It’s obvious while the market is 'free" (of regulation) it’s a scam, pure and simple. Many people are invested here personally or thru their pension plans, etc, and we’re all at the tender mercies of these guys.
It’s been suggested that the smart money be moved to local banks. I don’t see an alternative.
If a stock is trading at 100, and an ordinary investor puts in an order to buy some at 102, presumably a high-frequency trader could get in, buy at 101, and sell at 102. That means that the person selling the stock gets only 101 instead of 102 for the stock. If the high-frequency traders are making money, it must come from somewhere.
From what the NYT story said, it appears that these traders a getting a tiny slice of the upward movement in a stock’s price because they can successfully anticipate about how big the move will be.

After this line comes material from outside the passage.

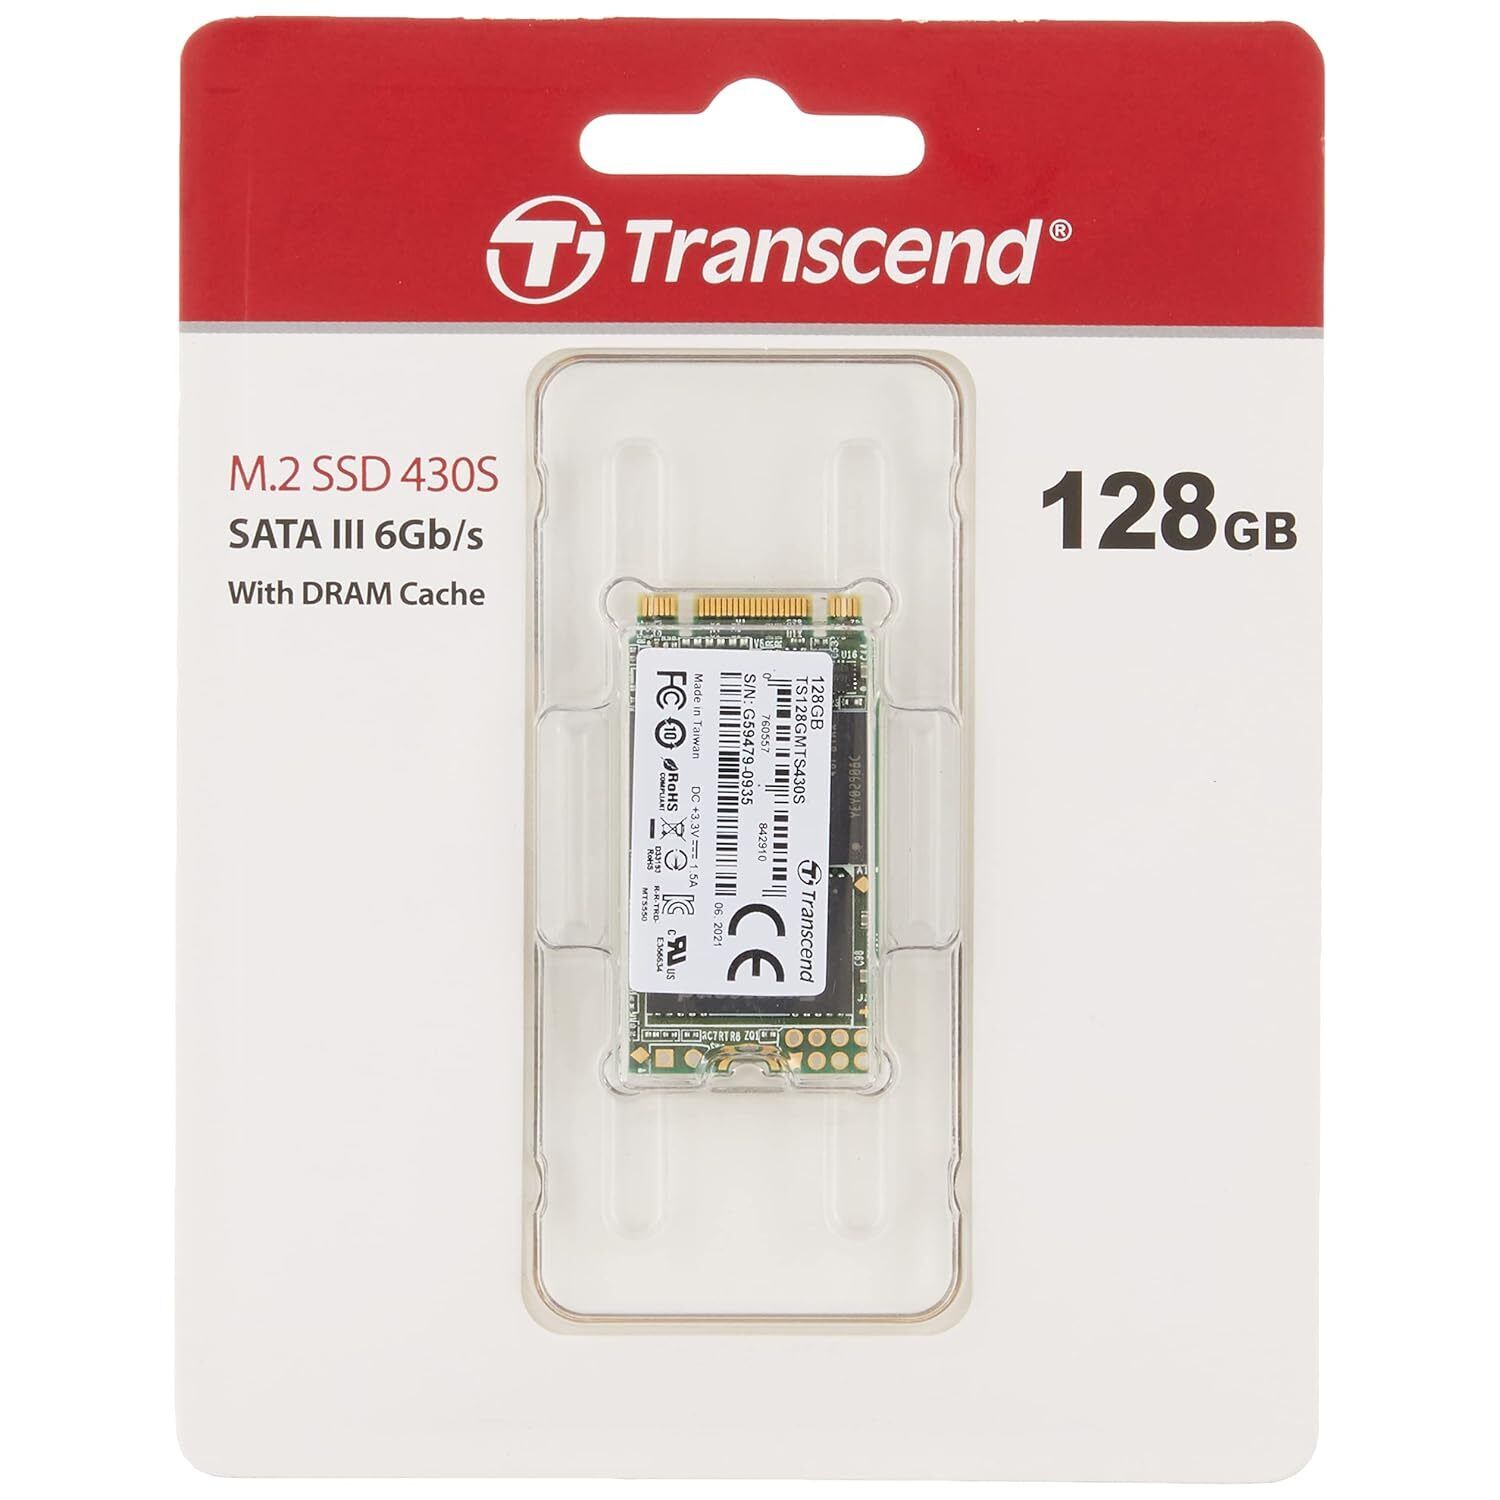 Transcend 128GB SATA III 6Gb/s MTS430S 42 mm M.2 SSD Solid State Drive (TS128G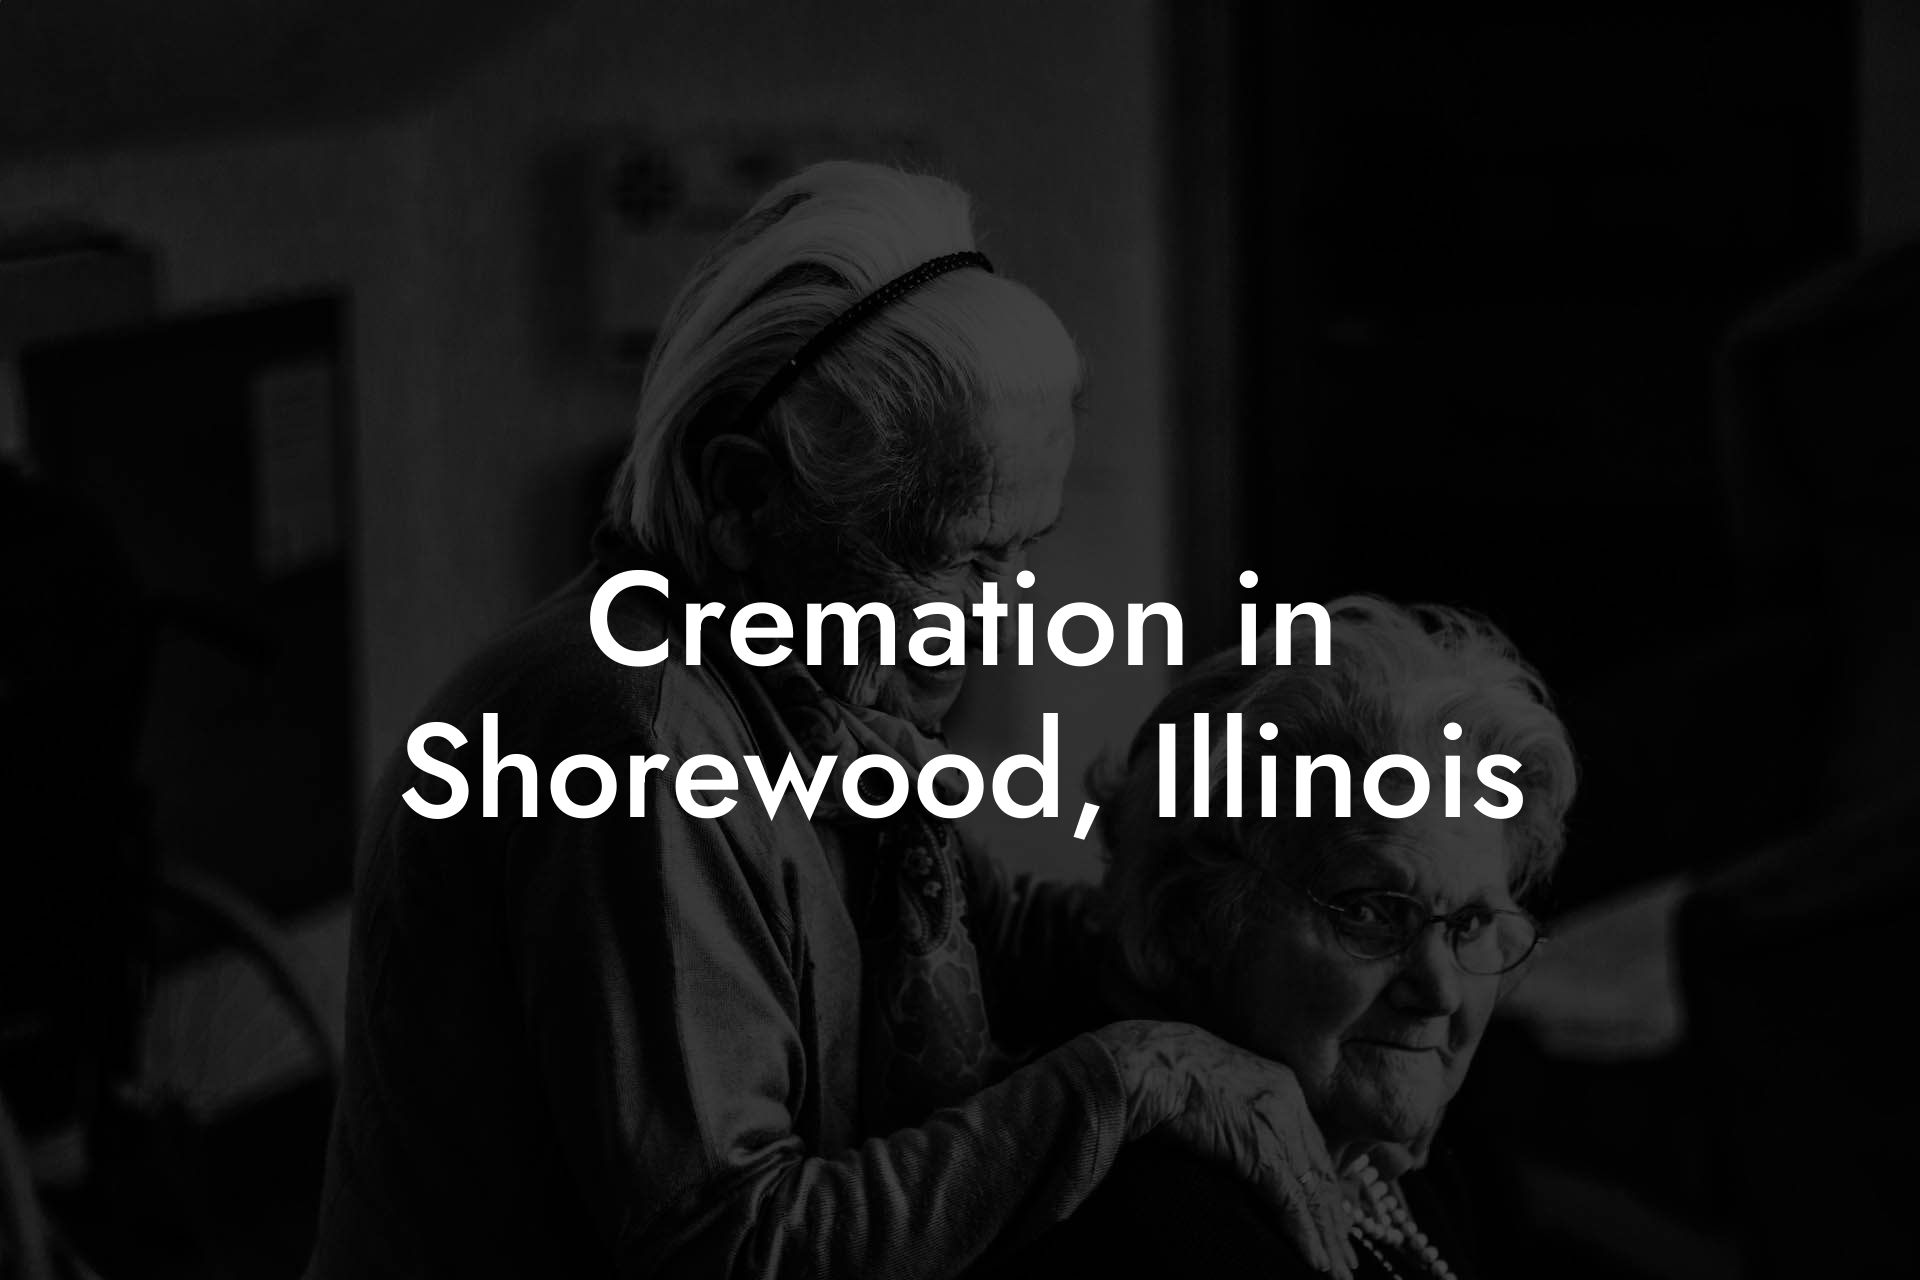 Cremation in Shorewood, Illinois

In doing so, they are depriving sellers of a small piece of their profits, while the buyers are probably paying what they were already willing to pay. For small investors on both sides of the transactions, it doesn’t seem like a big deal.
What does seem like a big deal to me is the apparent fact that these traders are seeing orders from small investors before the market at large sees them, and are paying a fee for that privilege. Whether it costs small investors significant money or not, that is just wrong.
According to the article in the OP, these high frequency traders “often confound other investors by issuing and then canceling orders almost simultaneously. Loopholes in market rules give high-speed investors an early glance at how others are trading. And their computers can essentially bully slower investors into giving up profits — and then disappear before anyone even knows they were there.”
Now, personally, I wouldn’t have a problem a problem with high frequency trading if I could do it too (e.g. Everyone having the opportunity to purchase securities without a for-profit broker or a brokerage service).
To be clear, it’s not a scam in the sense of being illegal, but IMV it’s essentially electronic front-running*, for this reason:
While it might not be exactly the same in that the traders concerned may be acting for their own accounts rather than on behalf of customers, I think that’s splitting hairs. As noted by the Times,
Computers are plenty quick enough now to execute buy or sell orders in the fraction of a second between the time that a third-party order is shown to high-speed traders and the time that it’s shown to the rest of the market. In other words, these guys are able to trade on information that isn’t available to everyone. Hardly the type of thing to be encouraged, IMV.
*Front-running is when a stockbroker buys or sells shares for his own account, based on knowledge of orders placed by customers, before executing the customer orders.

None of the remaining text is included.